Спустя год после возвращения в детдом появилась очередная семейная пара. Причины, по которым она хотела уйти из детдома, не менялись, а только крепли с годами. Она хотела избавиться от поношенной одежды, от сиротской дедовщины, от равнодушных лиц нянечек и воспитательниц, которые хоть и не были с ними жестокими, но относились к ним, как к работе; дома их ждали собственные семьи, куда они всегда уходили. Однако больше всего хотелось оттереться от одиночества, и ради этого она, как щенок, готова была бежать за каждым, кто ею заинтересуется.
В голове постоянно крутились одни и те же вопросы: «Почему она? Почему её родители умерли, а она никому не нужна?»
Первое время по переезду в новую семью все было нормально. Тая запрещала себе думать о прошлом и сравнивать с теми… другими. Люди, которых отныне следовало называть «мама» и «папа», были бездетной парой уже больше пятнадцати лет. Дядя Ваня работал охранником, а тетя Света шила одежду на дому.

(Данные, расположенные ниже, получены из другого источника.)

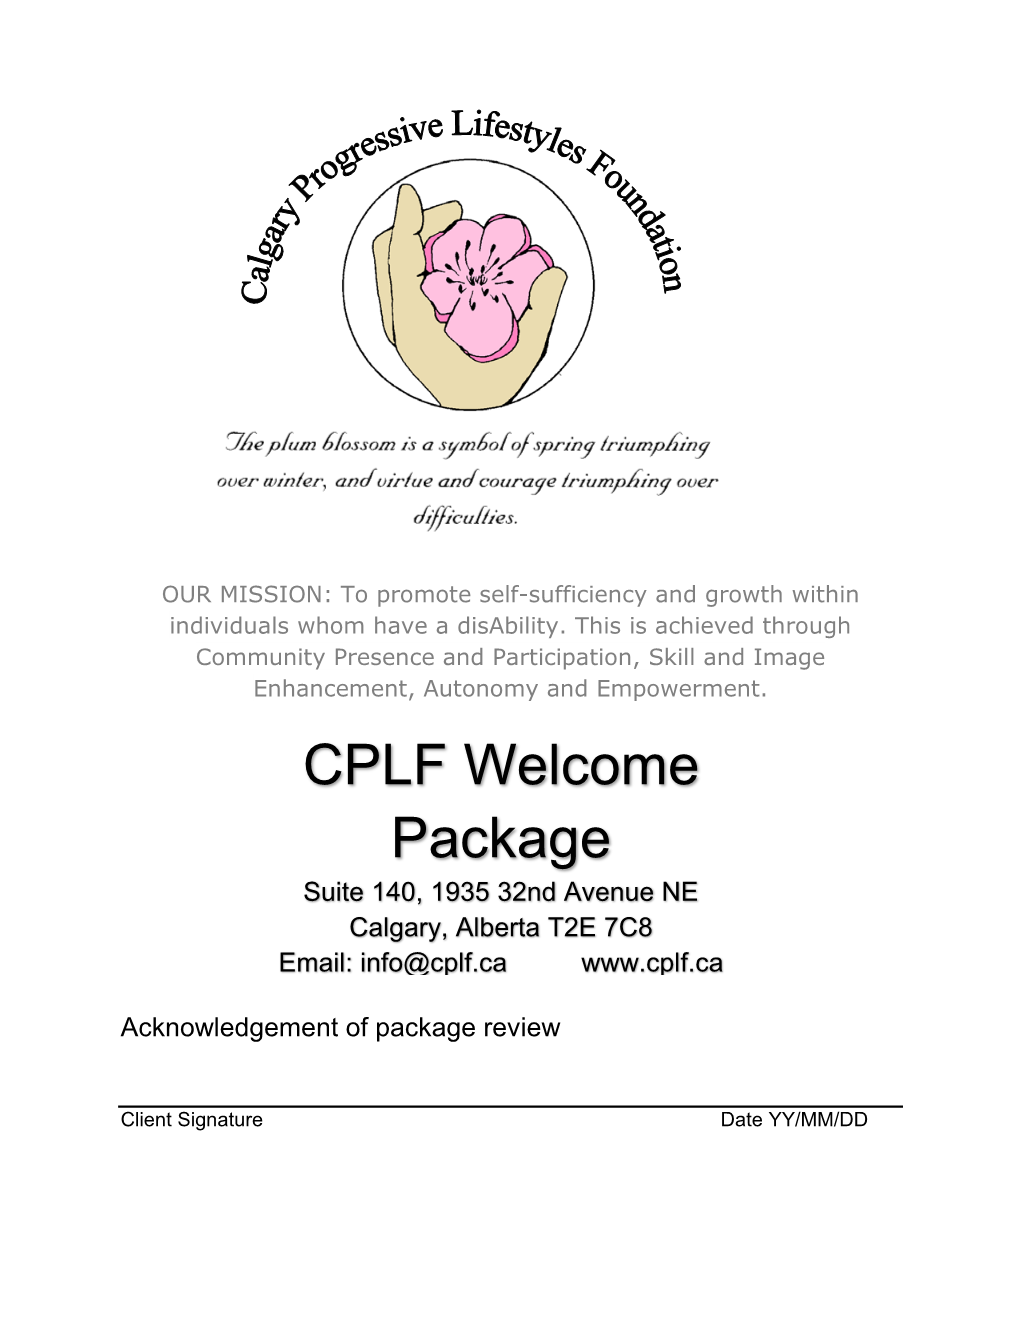 CPLF Welcome Package 07/16 Page 2
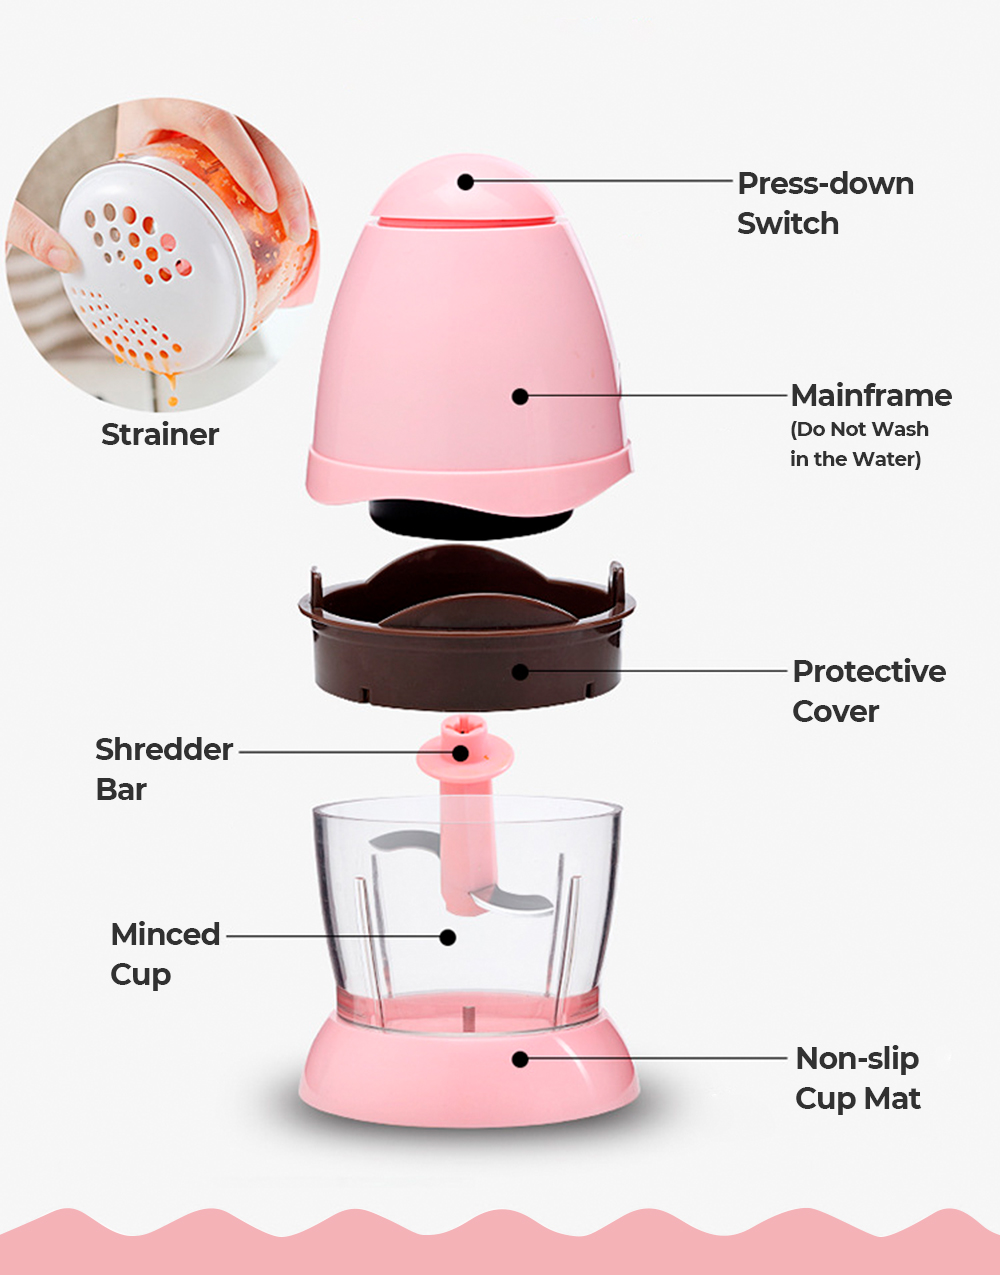 Multifunctional Baby Cook Mixer Household Electric Mini Meat Grinder Processor

Прошло уже более полугода с момента, как она стала частью семьи Божко, когда приемный отец впервые ударил её. Она и раньше была знакома с насилием, но в детдоме это носило привычный характер. Хочешь выжить – борись. Все детдомовцы знают это правило. И Тая бежала именно от этого – жестокости, ненужности и одиночества.
Мужчина пришел поздно ночью и начал кричал на жену, отчего Тая проснулась. Квартирка была небольшой: две комнаты (спальня родителей и гостиная, служившая одновременно девочке спальней), крохотная квадратная кухня и ванная. Днем приемный отец жаловался, что поссорился с начальником, ведь тот сказал, что дядя Ваня (девочка пыталась заставить себя называть его отцом, пока выходило с трудом) не получит отпускные за то время, пока они с женой занимались удочерением.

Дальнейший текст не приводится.